И теперь этот взгляд был обращен к Обмылку, которому с каждой минутой становилось все больше и больше не по себе. Гнетущая атмосфера довершала тягостную картину, стены дома как будто давили, становилось трудно дышать, и ему вдруг захотелось поскорее уйти; только бы пережить это выматывающее душу испытание — и вырваться отсюда, на улицу, на простор, на свежий воздух.

Питер Хейл первым нарушил затянувшееся молчание.

— Что ж, Обмылок, а теперь сядь и расскажи, на что ты так обозлился, ладно?

— А разве этого не достаточно, чтобы вывести из себя любого нормального мужика? — выпалил Обмылок, гневно заскрежетав зубами. — Задумал сделать меня прислугой на побегушках? Да вообще, за кого ты меня принимаешь?

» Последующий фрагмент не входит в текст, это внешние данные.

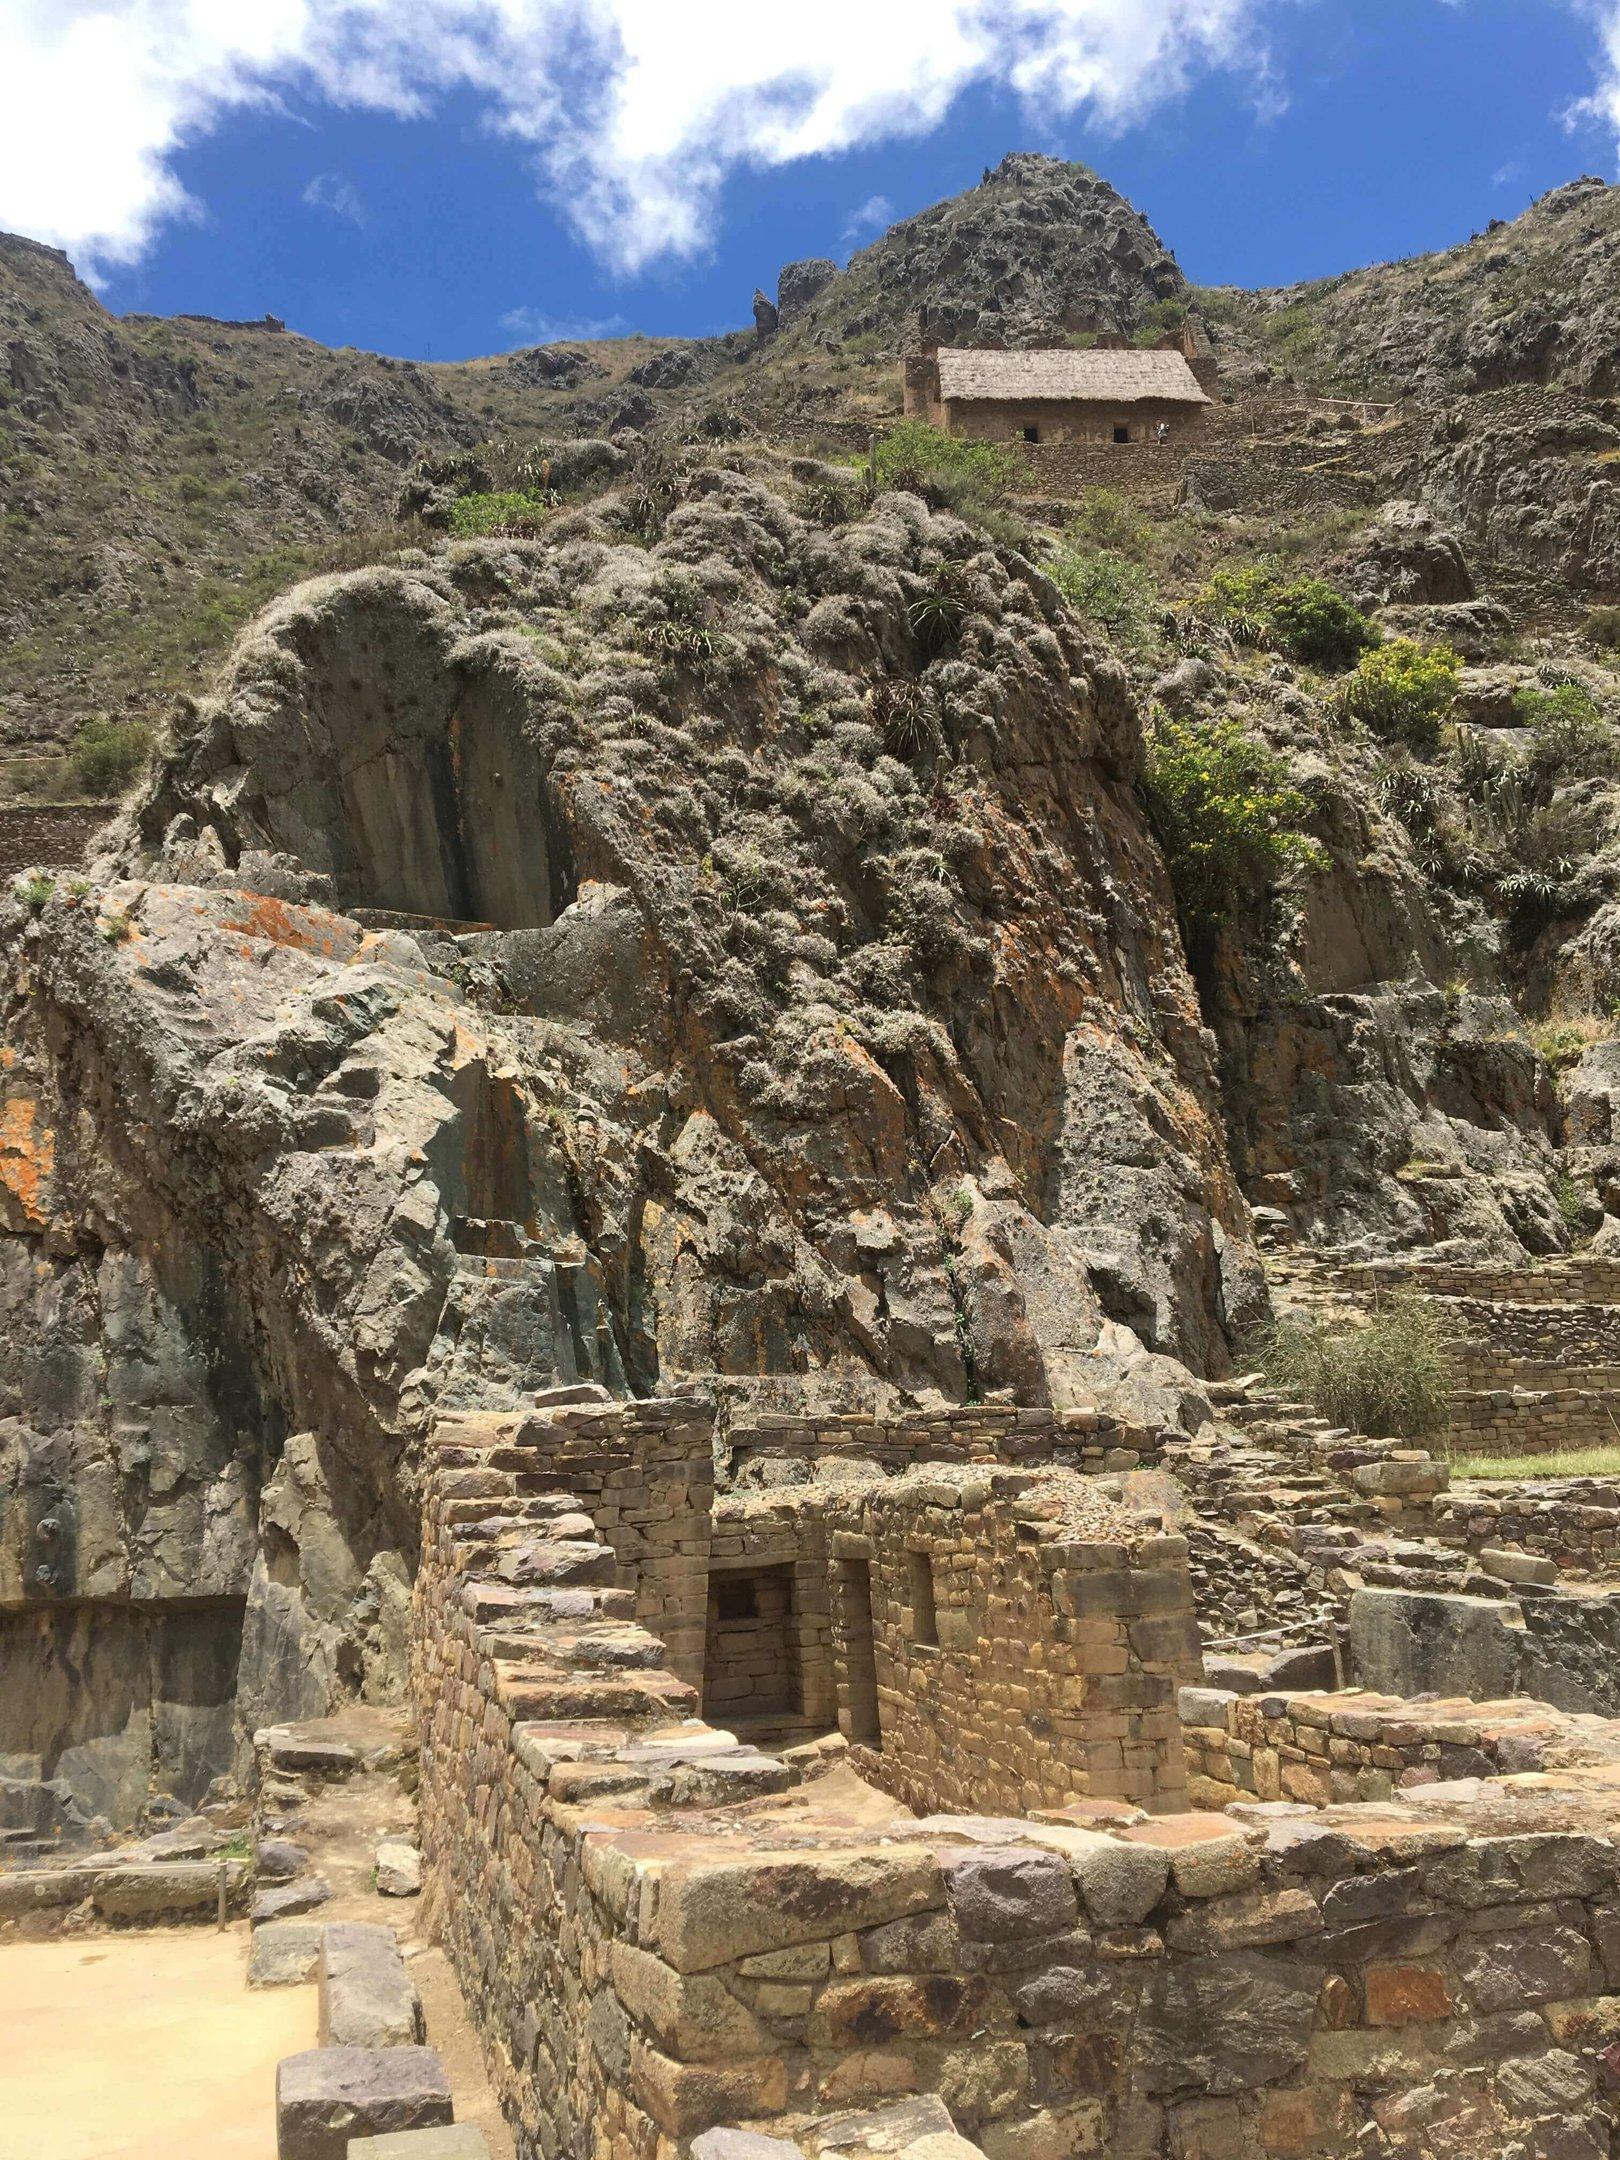 Depois de conhecer o parque, rumo a Machu Picchu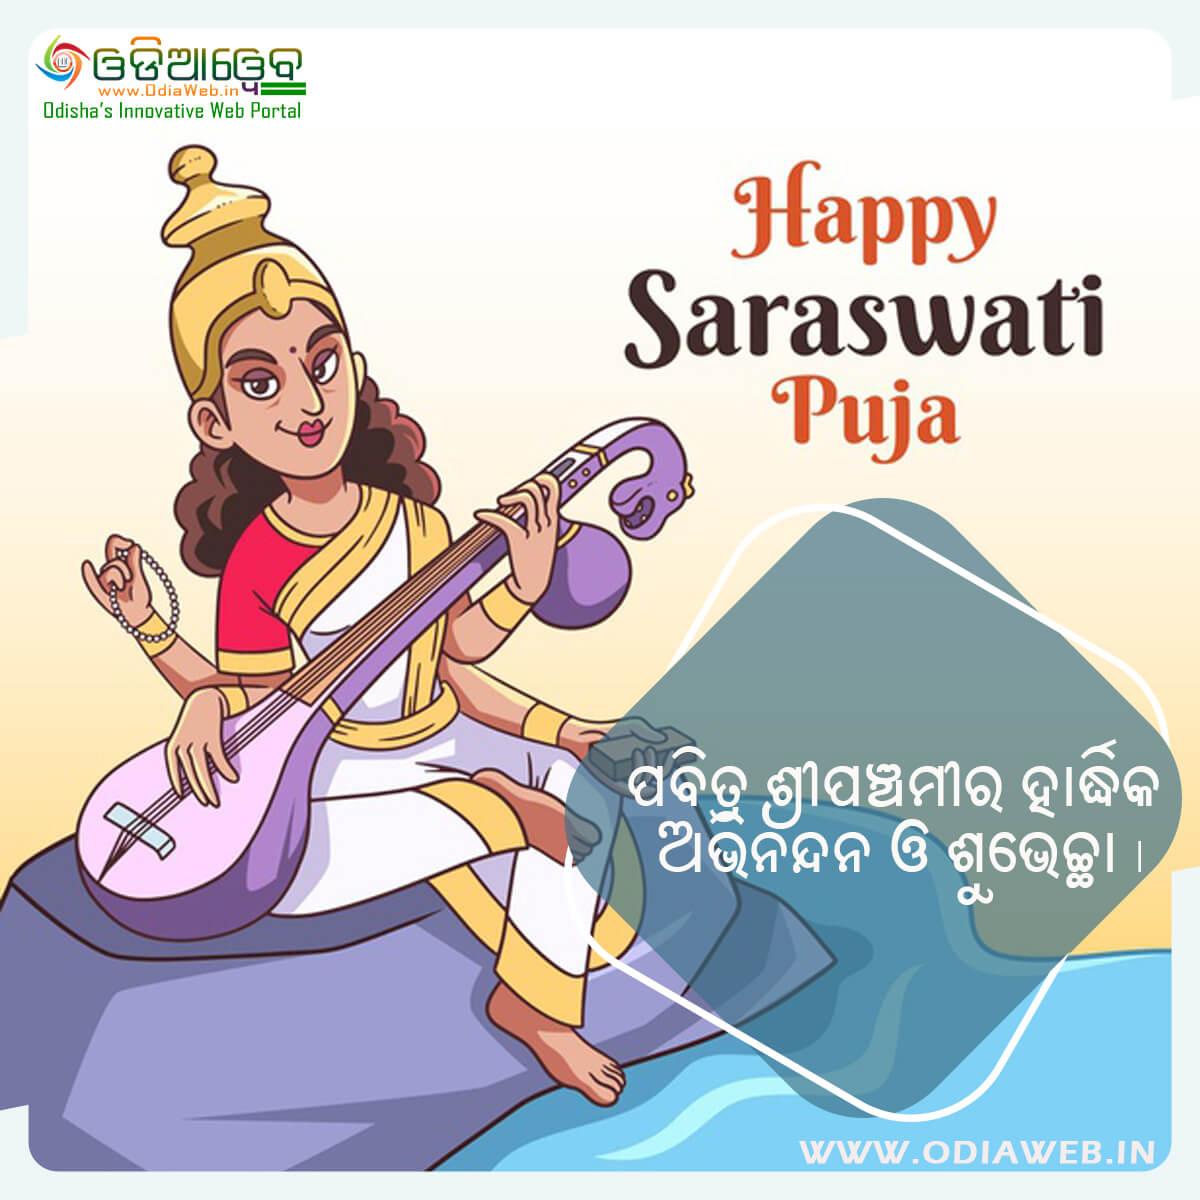 Happy Saraswati Puja Odia Wishes

— Сядь, Обмылок, — повторил Питер.

— Черта с два! — взревел тот. — Слышал, что я сказал?

— Я тебя слышал.

— И что теперь?

— Ты что, боишься сесть? — все так же спокойно, не повышая голоса спросил Питер.

Это был уже совсем иной подход к делу. Обмылок культивировал в себе непоколебимую уверенность в том, что он не боится ничего и никого на свете — ну, может быть, за исключением тех двоих братьев Баттриков! И теперь эта вера заставила его опуститься на стул, придвинутый к столу напротив Питера.

И мгновенно пожалел об этом — так как ростом он был гораздо ниже Питера, который теперь возвышался над ним, сидя на противоположном конце стола. Обмылку тут же захотелось встать и выпрямиться во весь рост, но он представить себе не мог, каким образом можно выбраться из-за стола, сохранив при этом собственное достоинство.

Теперь же он ощущал на себе постоянное давление. Причина столь дикого нервного напряжения так и осталась для него загадкой. Единственное что он чувствовал в тот момент — это уверенный, изучающий взгляд Питера. Сделав над собой огромное усилие, он заставил себя не отвести глаза, что стоило ему большого напряжения, в то время как Хейл держался совершенно непринужденно и естественно!

Спокойный взгляд Питера проникал в самую душу неприступного Обмылка, заставляя трепетать его сердце. Гипноз — разве не это является его основой, когда глаза смотрят прямо в глаза, и взгляд не терпит возражений? При одной только мысли об этом Обмылка прошиб холодный пот.

— Вот он я, — сказал Обмылок, — а теперь выкладывай, что тебе от меня надо. И побыстрей, ладно? Потому что со мной тот же номер, что и с Баттриками, у тебя не пройдет. Твои трюки мне знакомы. Меня голыми руками не возьмешь!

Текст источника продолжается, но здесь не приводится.